Effective January 1, 1999 the name of the Plan was changed to the
Nichols 401(k) Savings Plan for Hourly Employees. Effective July 1,
1999 the Decatur Aluminum Corp. Hourly Employees' 401(k) Retirement
Plan was merged into the Plan.
(2) Contributions. Participants may elect to reduce the current level of
his/her compensation from 1% to 15% by contributing on a pre-tax basis
as defined by the Plan agreement. Participants may also contribute in
half percentages. Company contributions are made based on a percentage
of the employee's compensation for each individual with at least one
year of service.
(3) Participant Accounts. Each participant's account is credited with the
participant's contribution, the employer's contribution, and the
participant's pro rata share of investment earnings. Investment
earnings allocations are based on individual participant account
balances as of the end of the period in which the income is earned.
(4) Vesting. Participants are immediately vested in their contributions
and earnings thereon. Vesting in the employer contribution is based on
years of credited service. A participant is 20% vested for each year
of credited service and fully vested after five years.
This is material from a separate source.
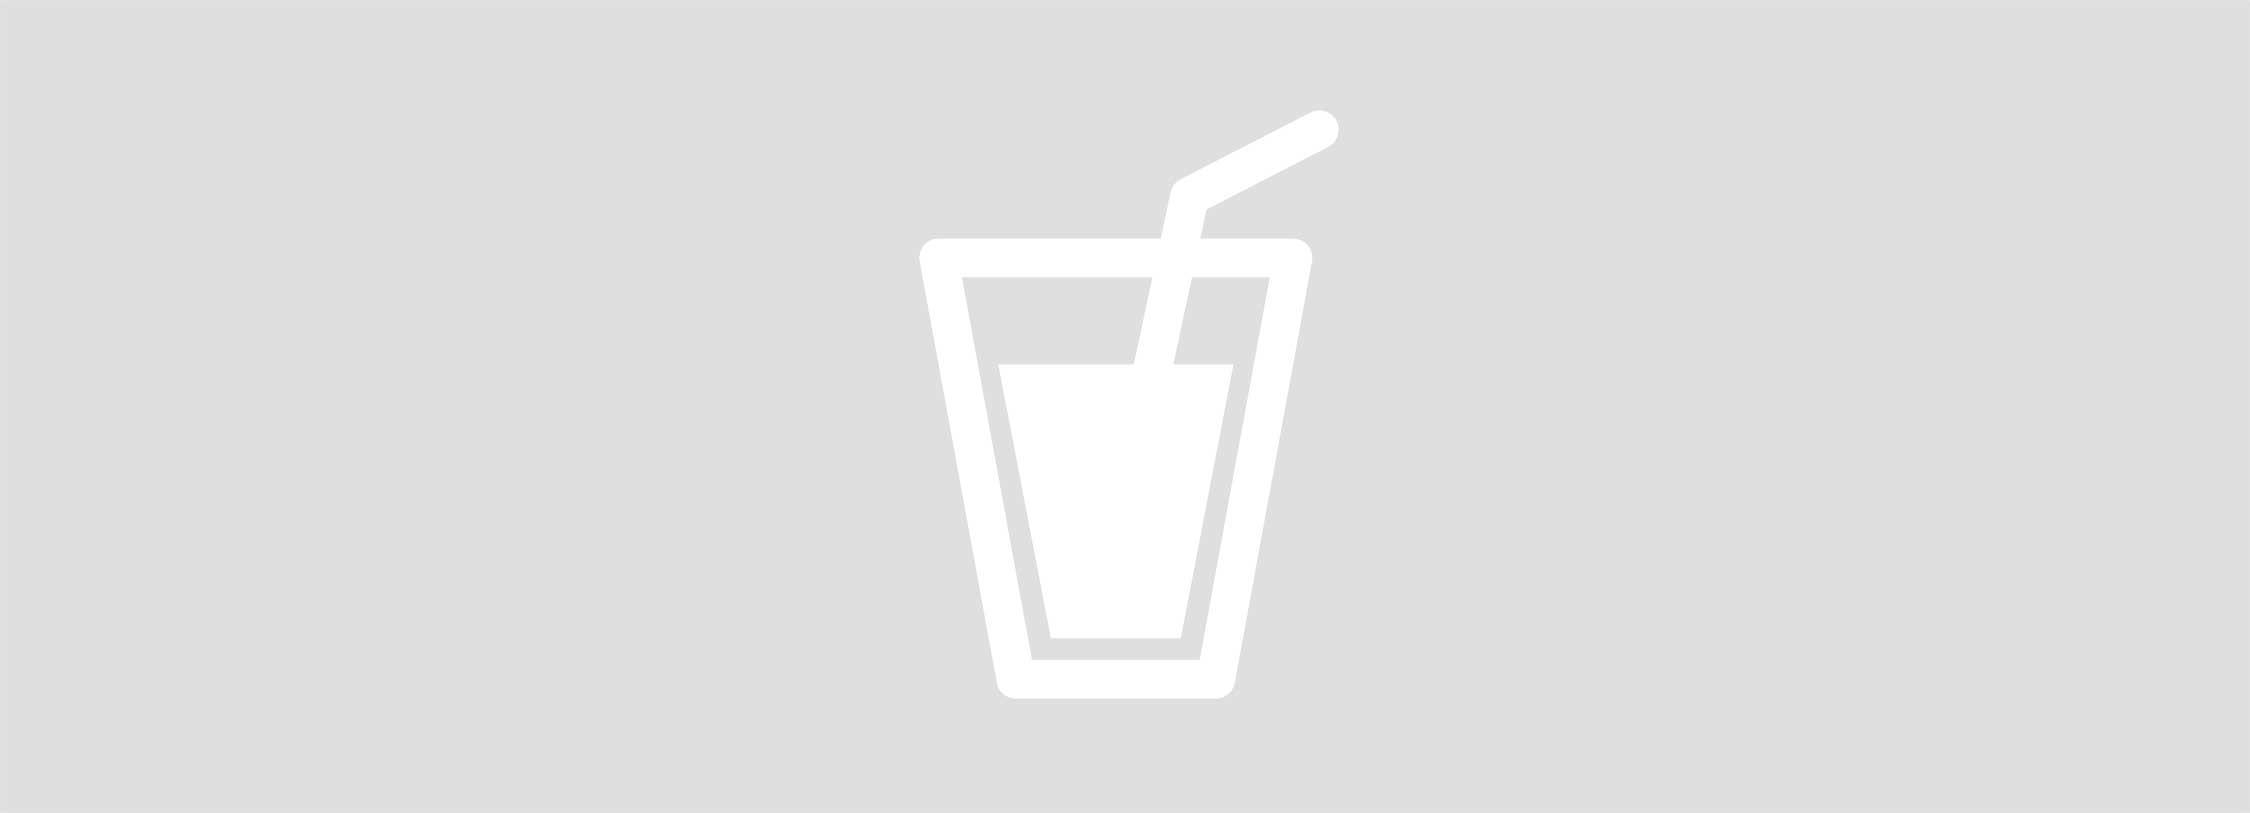 How to choose CBD Drinks

If a
participant terminates employment prior to becoming fully vested, the
nonvested portion of the employer contributions are immediately
forfeited by the participant and utilized to reduce future employer
contributions.
(5) Payment of Benefits. The Plan is intended for long-term savings but
provides for early withdrawals and loan arrangements under certain
conditions. Upon termination of service, a participant may elect to
receive a lump-sum distribution equal to the total amount of vested
benefits in his or her account. Terminated participants with account
balances of less than $5,000 will automatically receive a lump sum
distribution.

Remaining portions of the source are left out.